Yang Berbeda dari Galungan di Tenganan Pegringsingan Karangasem: Tanpa Penjor dan Bau Dupa
Saat Galungan, penjor dan bau dupa yang menjadi ciri khas Hari Raya Galungan tidak terlihat di Tenganan Pegringsingan Karangasem
Penulis: Saiful Rohim | Editor: Irma Budiarti
Yang Berbeda dari Galungan di Tenganan Pegringsingan Karangasem: Tanpa Penjor dan Bau Dupa
TRIBUN-BALI.COM, KARANGASEM - Suasana di Desa Tenganan Pegringsingan, Kecamatan Manggis, Karangasem, Bali, berbeda saat perayaan Galungan, Rabu (19/2/2020) pagi hari.
Warga tampak beraktivitas seperti biasa, berdagang, membuat lontar, dan gotong royong.
Wisatawan pun berlalu lalang di Tenganan.
Penjor yang menjadi ciri khas Hari Raya Galungan tidak terlihat di sekitar Tenganan Pegringsingan Karangasem saat Galungan.
Bau dupa di pemukiman juga tidak tercium.

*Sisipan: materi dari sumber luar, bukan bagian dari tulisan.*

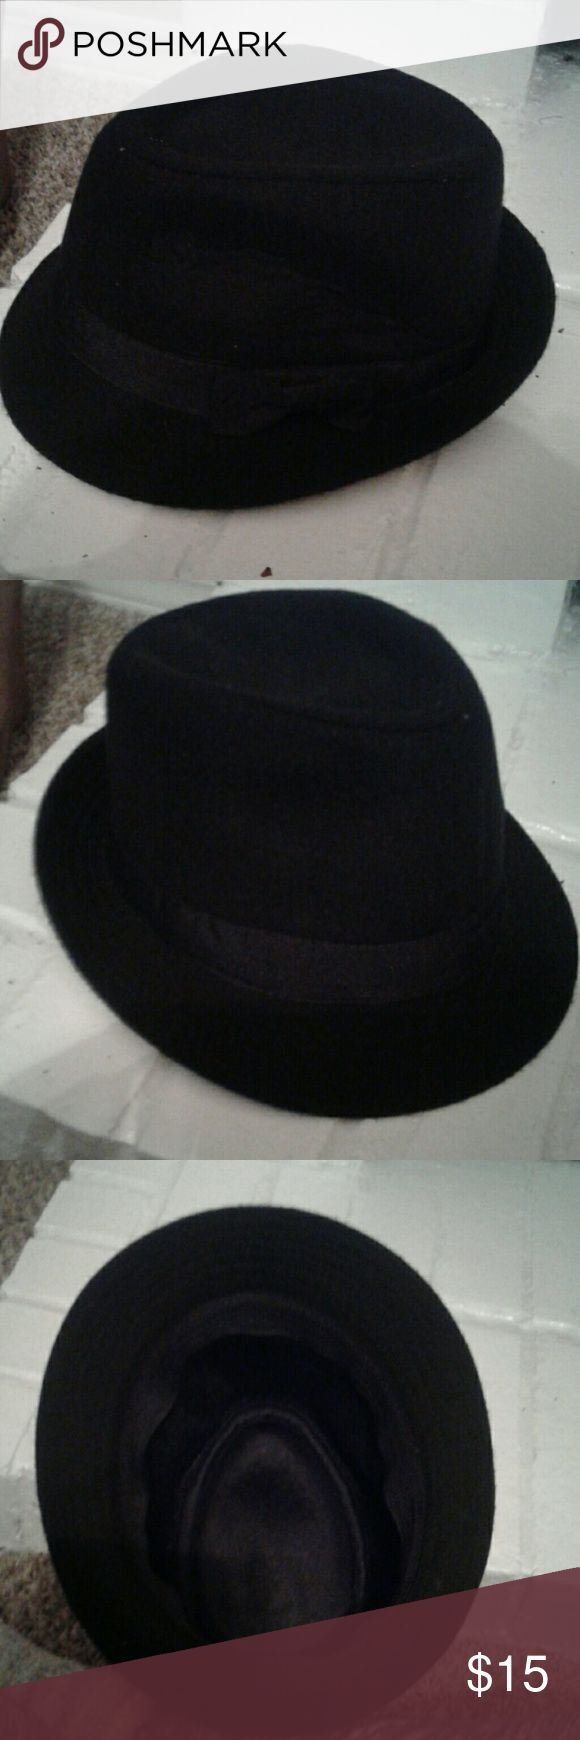 Black Fedora Hat Black Fedora Hat Accessories Hats
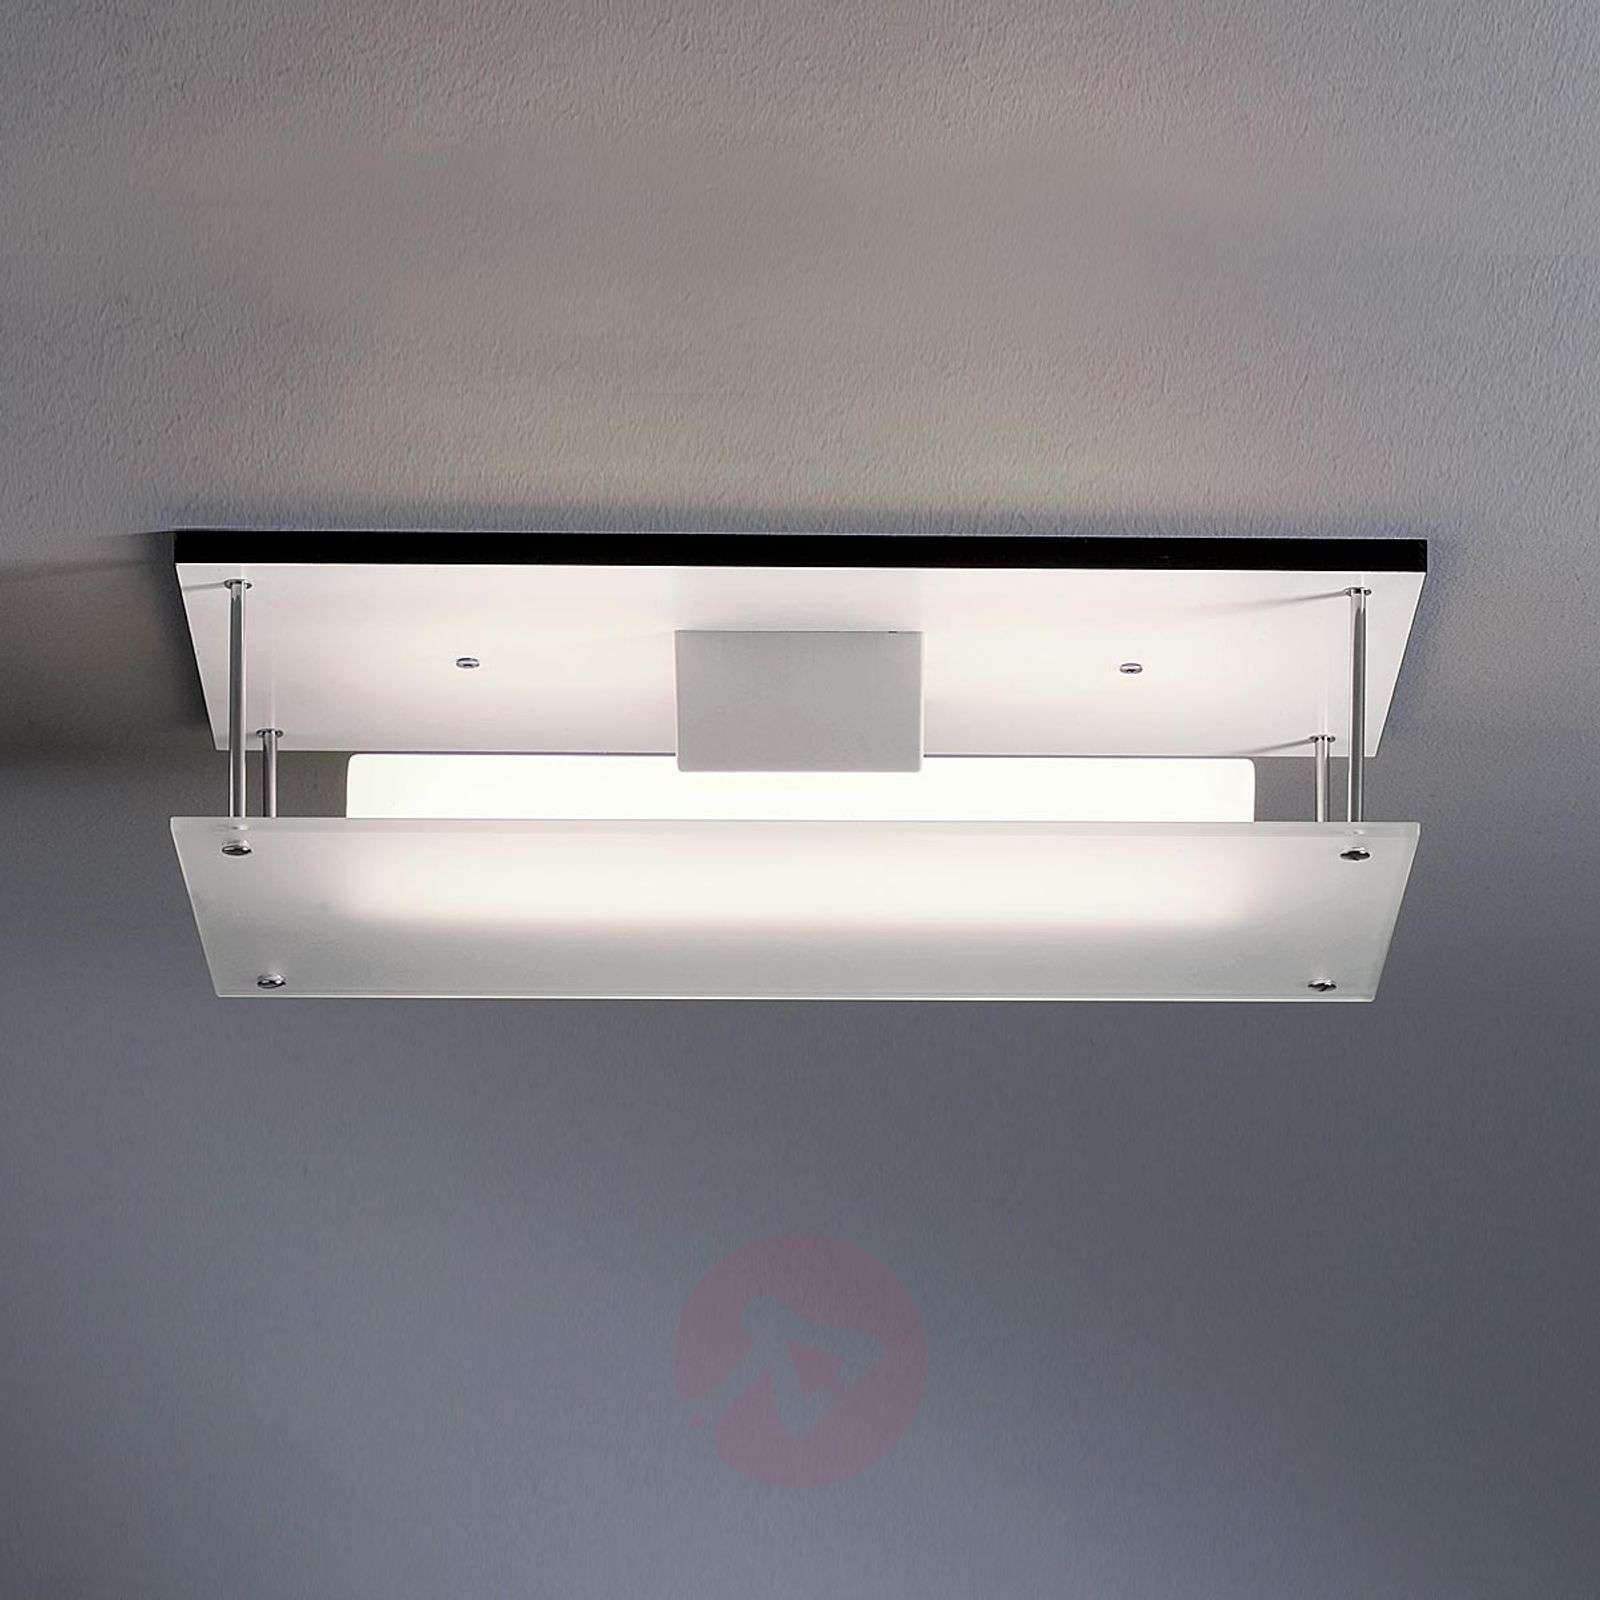 German Art Deco ceiling light-9030080-01

Janur, kembang dan canang untuk proses sembahyang sama sekali tidak terlihat.
Yang terlihat hanya buah-buahan berisi jaje khas bali, daging babi dan ayam.
Klian ke 2 Desa Tenganan Pegringsingan, Wayan Sudarsana menjelaskan, perayaan Hari Raya Galungan di Desa Tenganan beda dengan daerah lain pada umumnya.
Mulai dari rangkaian sembahyang, sarana dan prasarana untuk bersembahyang, hingga persiapan sebelum Hari Raya Galungan.
• Hari Raya Galungan, Tenaga Medis RSUD Sanglah Tetap Siaga
• Makna Galungan Menurut Pemangku Pura Agung Jagatnatha, Ada Tahapan-Tahapan Menuju Dharma
"Makna Galungan di Tenganan Pegringsingan dengan daerah lain sama. Yakni kemenangan Dharma atas Adharma. Yang membedakan sarana dan prasarana. Di Tenganan tidak ada penjor. Warga biasanya memenjor saat usaba sambah," ungkap I Wayan Sudarsana, Rabu (19/2/2020) siang.
Peerayaan Galungan tanpa penjor sudah dilakukan dari dulu.
Bantenan yang digunakan sembahyang bukan canang, melainkan bantenan uduwan.
Bahannya dari hasil pertanian di sekitar Tenganan, dan jajan khas bali.
Seperti tumpeng, angine, iwel, gegodoh, jeruk, pisang, semangka, anggur, pir, dan lainnya.